Scientists Produce Genome Sequence of the Woodland Strawberry
An international team of researchers, including scientists from the US Department of Agriculture's Agricultural Research Service (USDA-ARS), announced that they have sequenced the genome of Fragaria vesca, commonly known as woodland strawberry. A relative of peach, cherry and cultivated strawberry F. vesca has many traits that make it an attractive model system for functional genomics studies. Like Arabidopsis, the lab rat of the plant world, F. vesca's small size and rapid life cycle enable researchers to conduct genetic analyses with great efficiency and low cost. It also has a relatively small genome that can easily be manipulated to allow identification of gene functions.

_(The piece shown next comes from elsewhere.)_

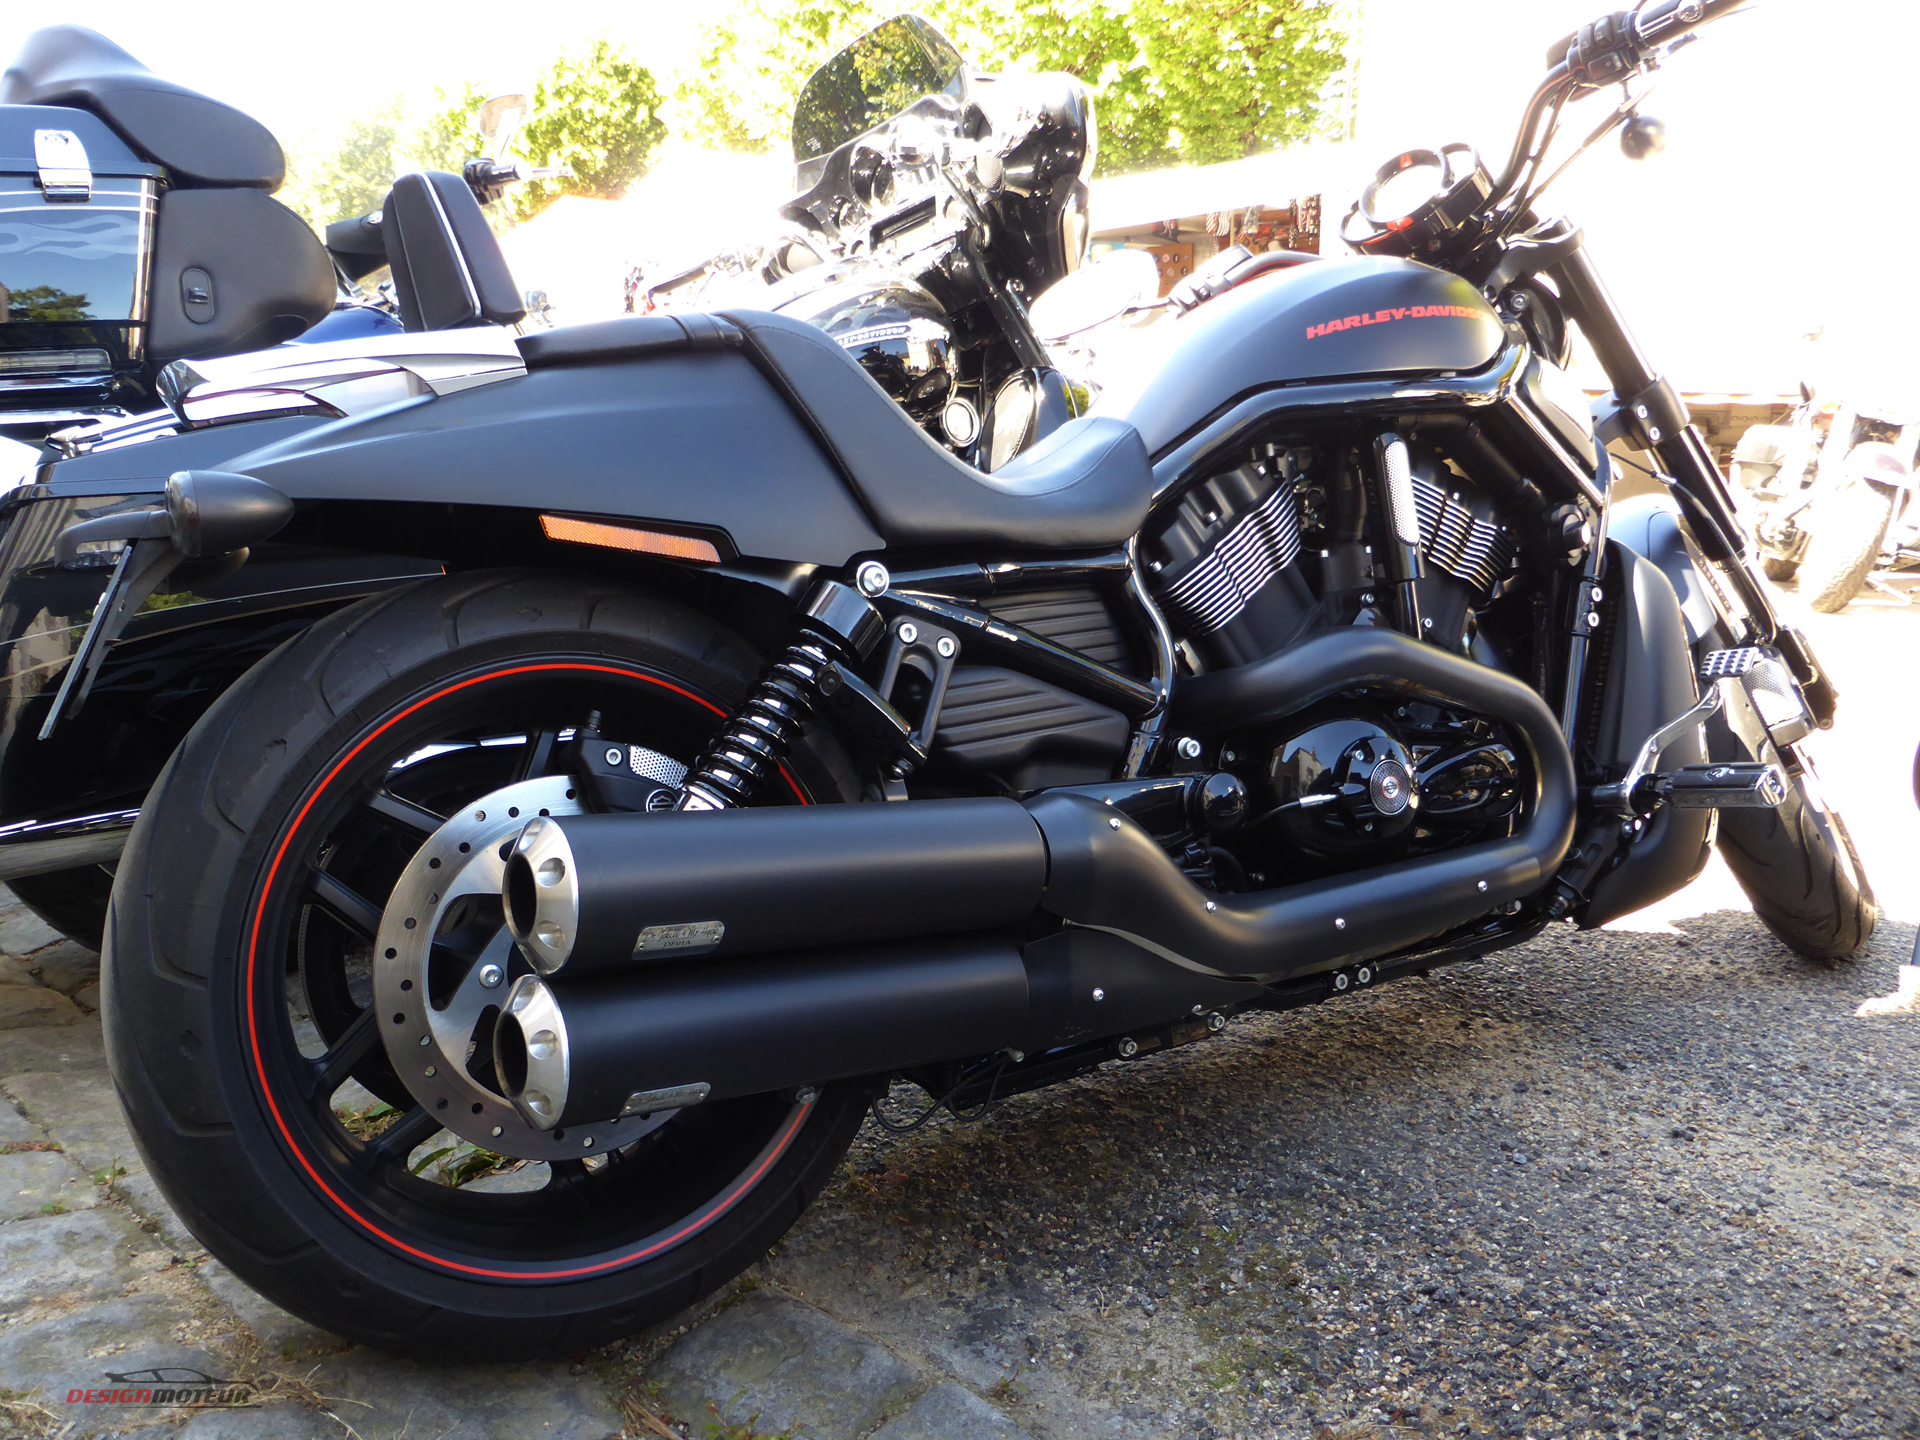 Harley Davidson - US Cars and Bikes - 2015 - photo DESIGNMOTEUR

Despite its small genome size, F. vesca shares most gene sequences with other members of the Rosaceae family, allowing researchers to identify genes in economically important members of the family. The Rosaceae family is composed of more than 100 genera and 3,000 species including almond, rose, raspberry and apple. Janet Slovin, researcher at the ARS, will use the genome to study and improve heat tolerance during fruit production in strawberry.
Read the original story at http://www.ars.usda.gov/is/pr/2010/100111.htm
This article is part of the Crop Biotech Update, a weekly summary of world developments in agri-biotech for developing countries, produced by the Global Knowledge Center on Crop Biotechnology, International Service for the Aquisition of Agri-Biotech Applications SEAsiaCenter (ISAAA)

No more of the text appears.